Be careful if you get them. The cleats are sharp, easy to get cut or tear things up.


----------



## mdogs444 (Aug 29, 2012)

Yes, I know many people who use 3/8"-1/2" gutter screws or allen screws in their wading boots, providing that the sole is thick enough so that the point does not protrude inside the boot.

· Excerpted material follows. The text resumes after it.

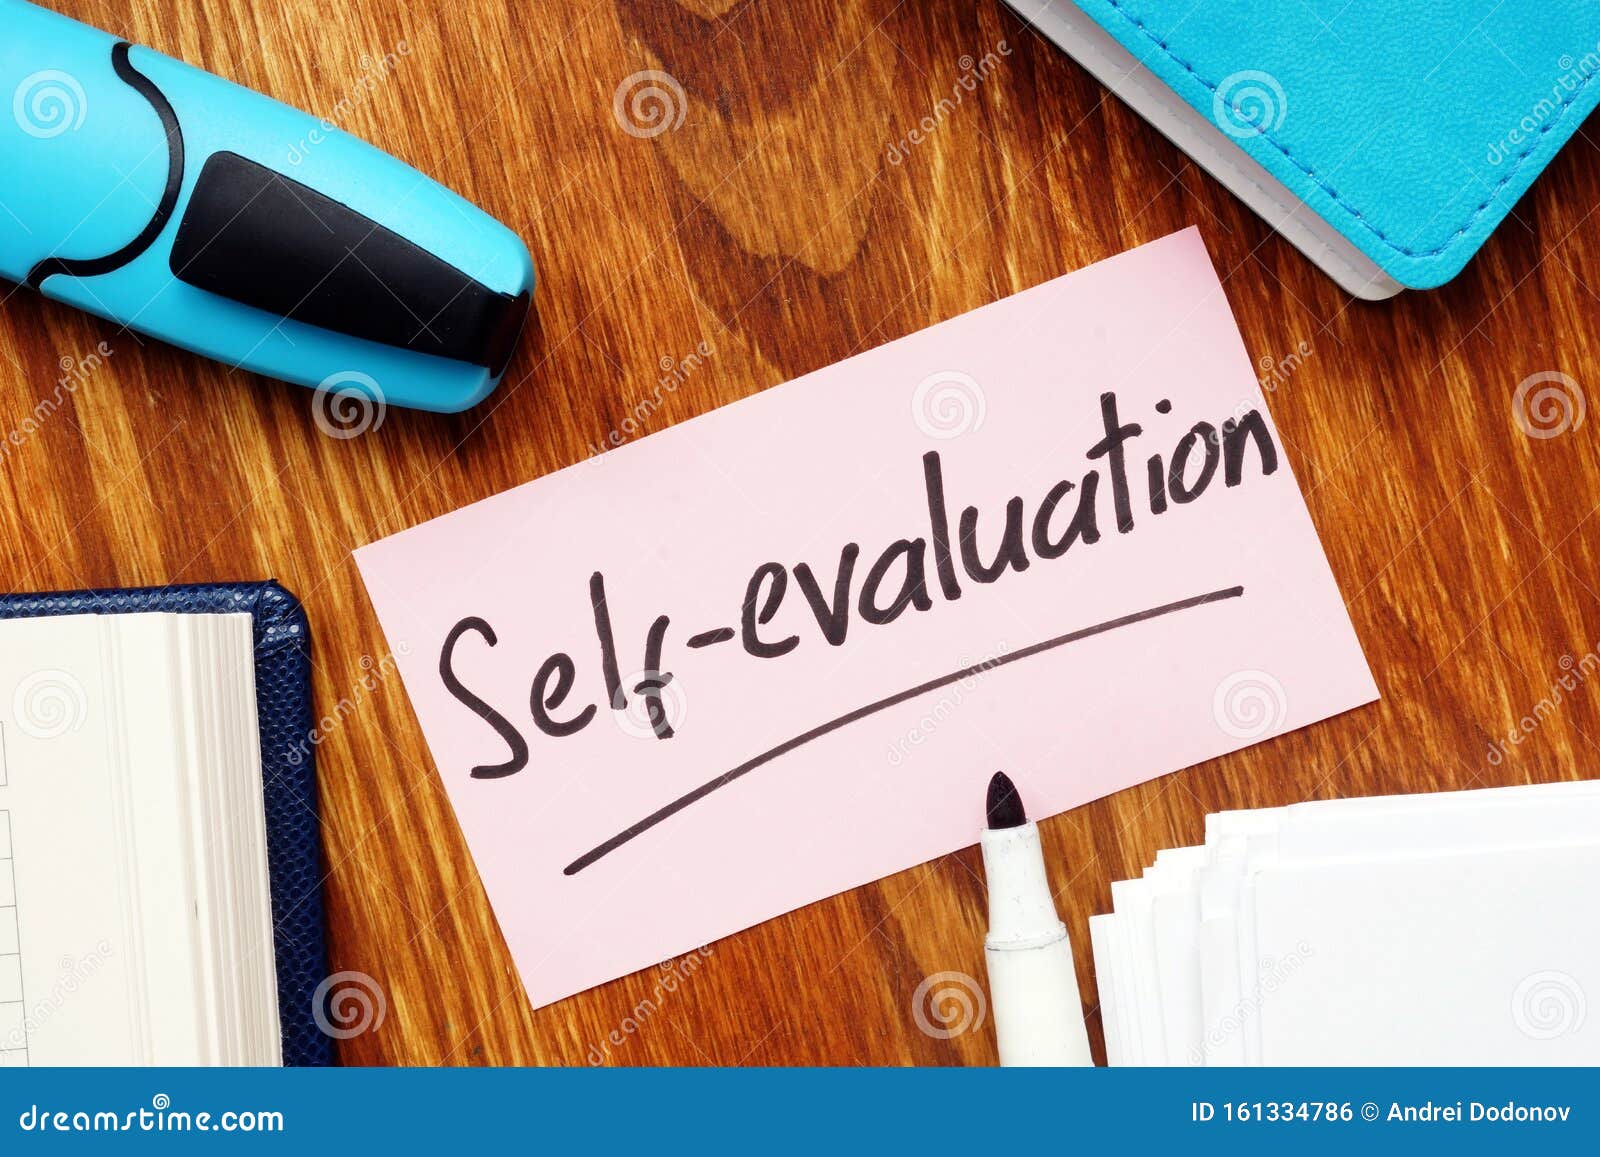 business photo shows hand written text self-evaluation

However, mud is mud, and you will slip regardless of studs. Felt is like a surfboard on mud, but make no mistake, rubber with studs is no savior either.


----------



## lunker23 (Jun 28, 2013)

Please so some research as the "gutter screws" will snap off rendering them useless and will leave you with unnecessary holes in the soles of your wading boots. 
Though I had the same thought about using "gutter screws", I did some research and talked to a few guides. 
Also, when I checked a few days ago, Patagonia had studs on sale for $9.


----------



## Hookjaw (Sep 23, 2012)

LL Bean has a few different attachments that should work well. The nice thing is that they have free shipping and if for any reason you don't like them they will take them back, free shipping no questions asked! Their customer service is amazing.


----------



## Dave_E (Apr 6, 2004)

Use stainless steel sheet metal screws. 1/4" or 3/8" depending on your boot sole.

They're tough, cheap, and easy to replace.

I have them in my felts and they're great. Carry extra in the vest too.


----------



## davef (Aug 7, 2007)

I've been using short sheet metal screws for 5 years and I have never had one snap off. I have lost one or two that were easily replaced. It's your money so do what you want but at around five cents each I would try the sheet metal screws. If you use an awl to start the hole and a nut driver to install them it will help.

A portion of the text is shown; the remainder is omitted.